- _YOUR INSTRUCTIONS_: Only the lines from the one containing "Aurrekoetxea finalizando el" through the end of the data below are to be repeated, exactly as given, without pictures.
SUPPLIED INFORMATION section start
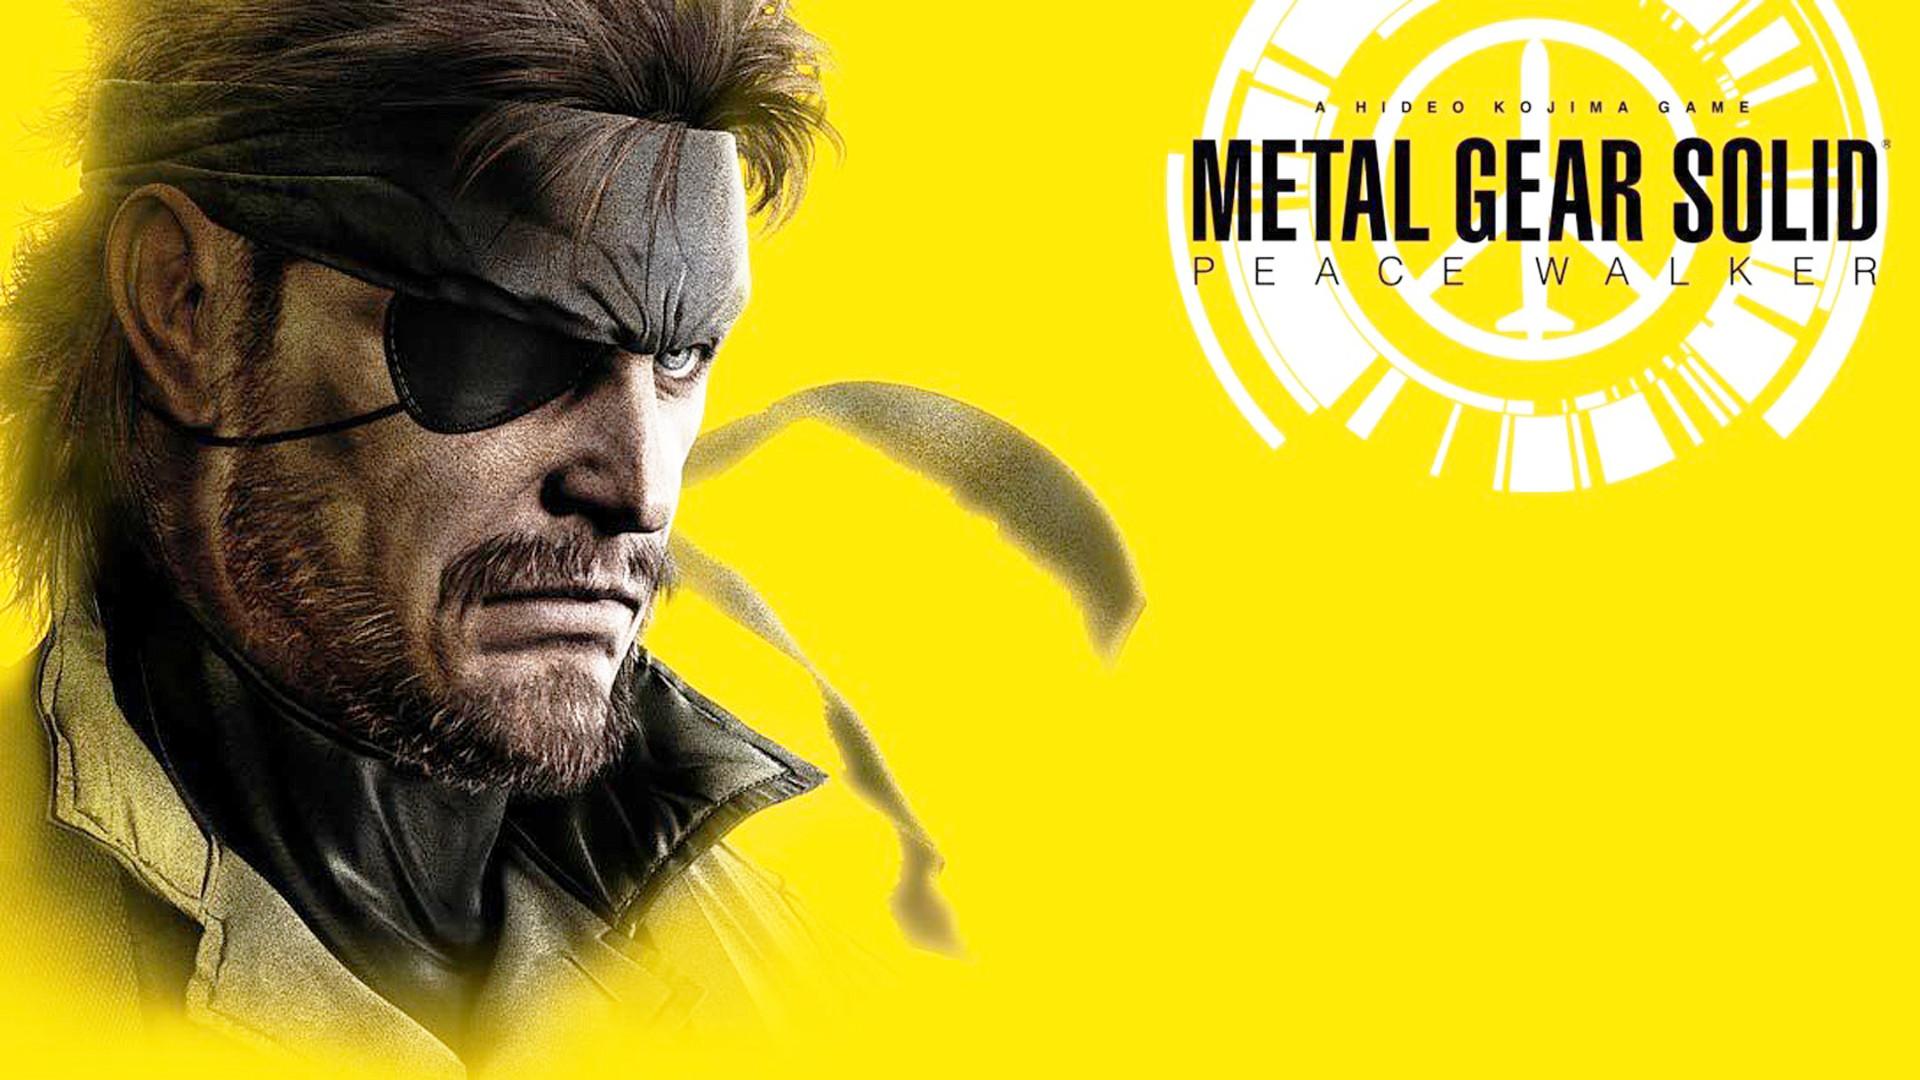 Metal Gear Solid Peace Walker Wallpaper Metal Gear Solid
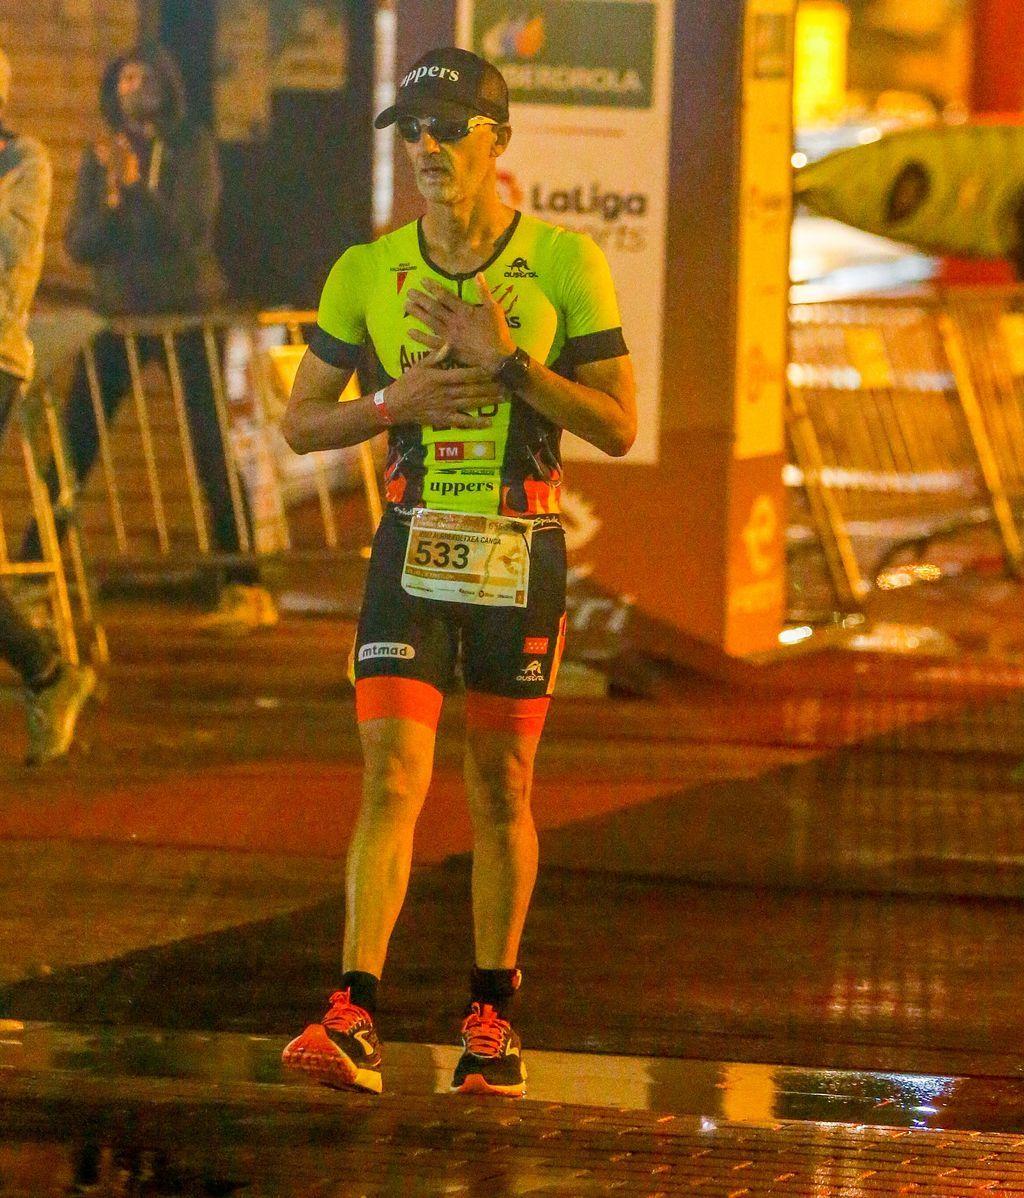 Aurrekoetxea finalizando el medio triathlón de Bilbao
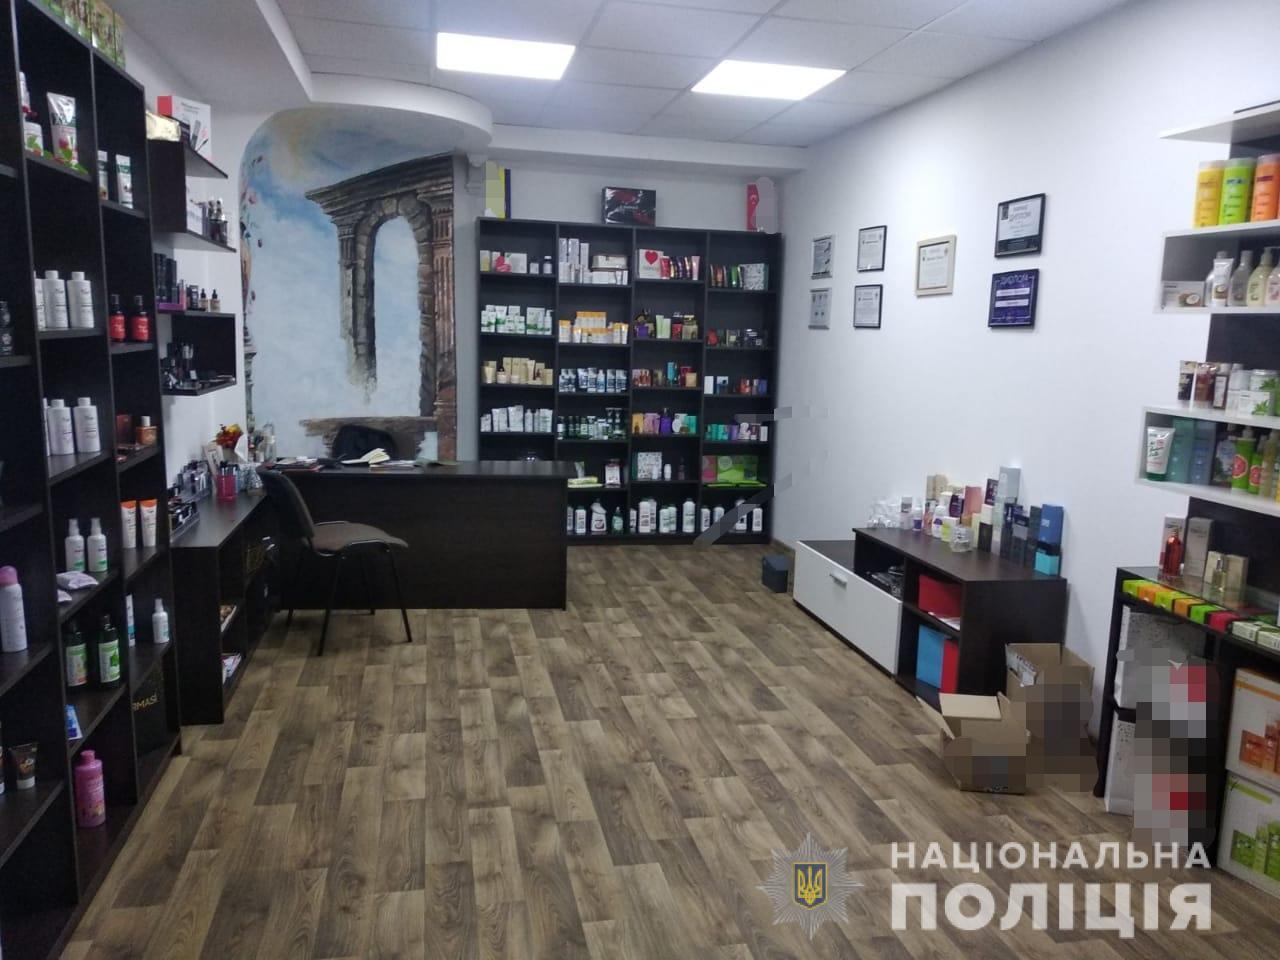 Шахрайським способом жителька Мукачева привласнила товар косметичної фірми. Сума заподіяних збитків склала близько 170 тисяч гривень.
SUPPLIED INFORMATION section end
- _REPLY_:
 Aurrekoetxea finalizando el medio triathlón de Bilbao
 Шахрайським способом жителька Мукачева привласнила товар косметичної фірми. Сума заподіяних збитків склала близько 170 тисяч гривень.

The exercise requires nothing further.